Restructuring fees do not get contested by 'white knights' as the former management has agreed on the fees with its advisers before the new investors come in. They are also hardly challenged by creditors in an informal restructuring, although they could affect how much debt creditors can recover.

'When the company signs the contract with the adviser, it is signing its wealth away,' a market watcher commented wryly. Another calls it 'charging an arm and a leg'.

But would paying a fixed rate to restructuring experts be a better option? Thio Shen Yi, senior counsel at TSMP Law Corporation, notes that it is not easy to estimate the amount of work needed given the highly unpredictable nature of corporate restructuring.

'One possible middle ground is not to do away with time-based charges but to have an independent third party, such as the court, scrutinise the fees,' he said.
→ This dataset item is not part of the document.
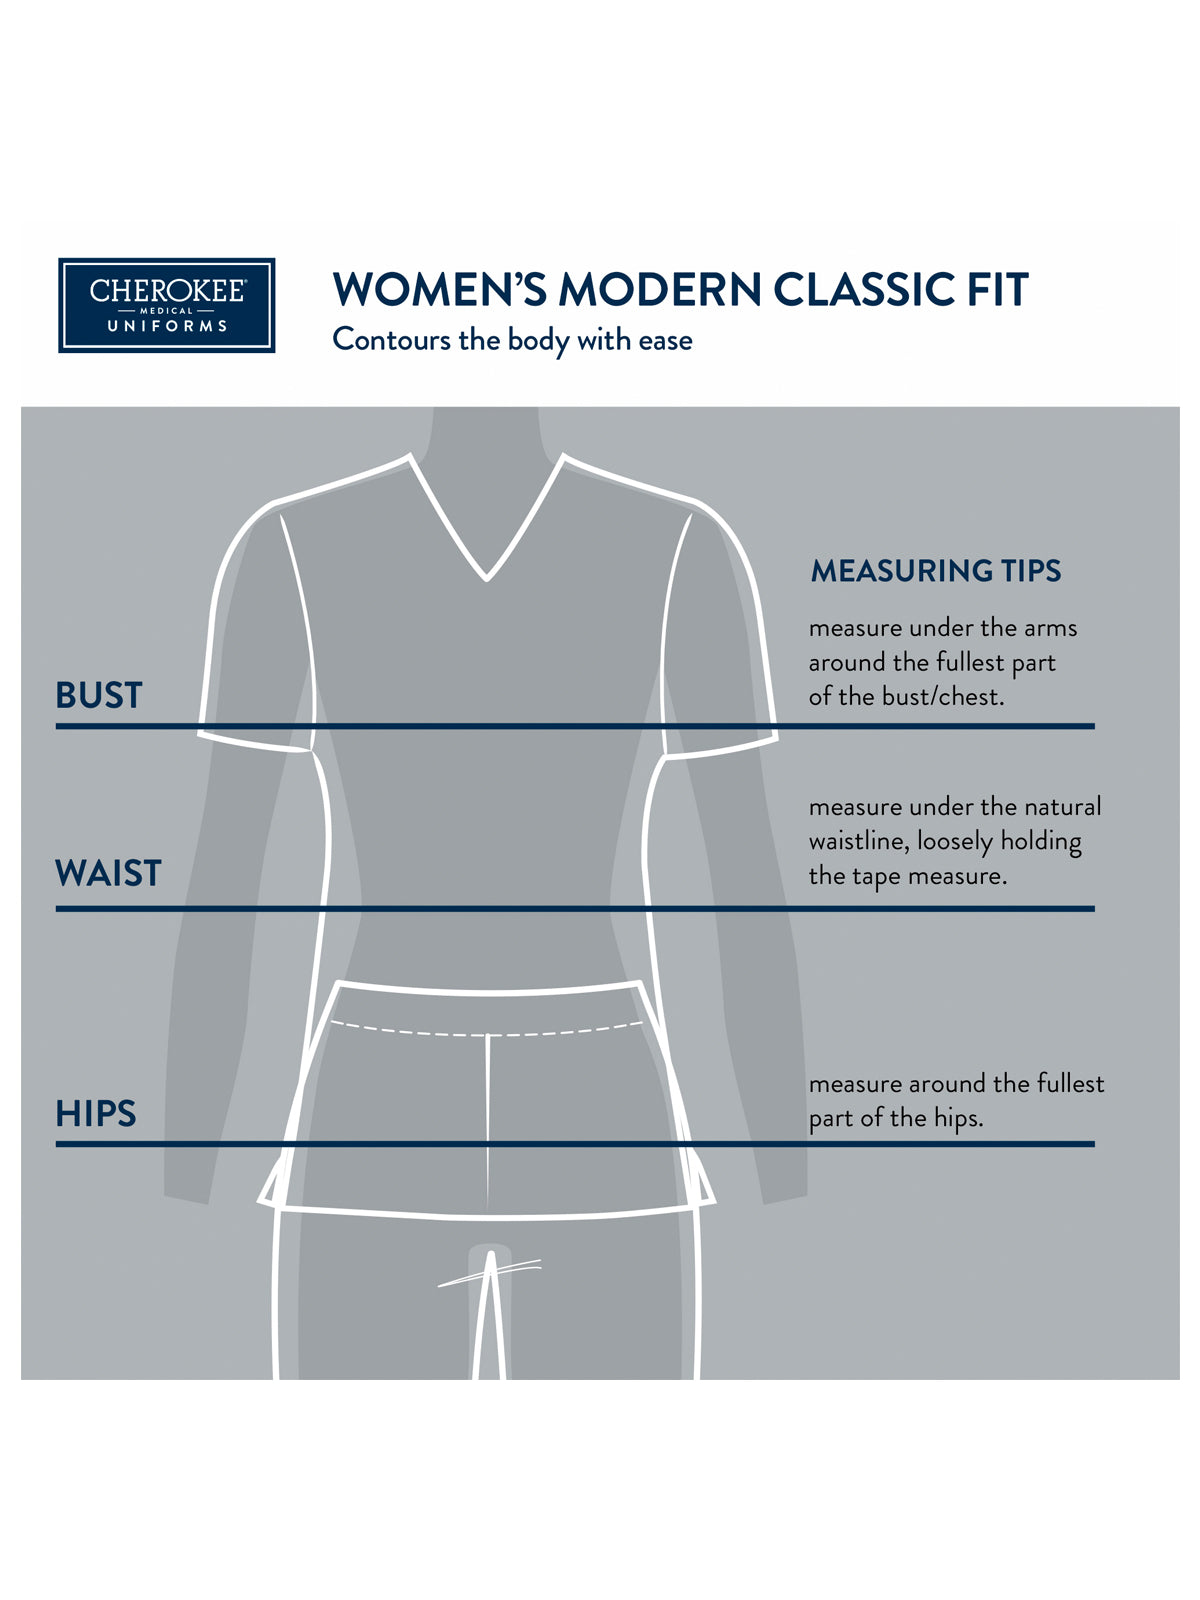 Women's 4-Pocket Drawstring Cargo Pant

This would be similar to how the court rectifies fees charged by judicial managers and liquidators.

Adds Mr Seshadri: 'The court has recognised that the fees of advisers should be based on the value they bring to the restructuring and that is a commercial decision between the company and the adviser. Where there are disputes regarding fees, parties can always seek direction from the court.'

Fees aside, market watchers also observe that advisers are becoming more creative in their proposals, sometimes stepping into grey areas. While an informal restructuring is supposed to give financial advisers the flexibility to come up with any solution, not everyone is comfortable with the practice of reverse auctioning.

In a reverse auction, creditors are told that whoever takes the biggest haircut will be repaid first. This creates a bidding war between creditors and those who hang out with the least discount will be last in the pecking order.

Some argue that this practice breaches the duty of fairness towards creditors. Others find it acceptable so long as creditors aren't forced into participating in a reverse auction.

But clearly, when left largely unsupervised, provocative industry practices and fees can leave companies and creditors hard done by. It shouldn't be left to pure market forces, with a few players driving up the costs of corporate restructuring and coming up with artful schemes.

To save the industry from earning a bad name, a system of checks and balance needs to be in place.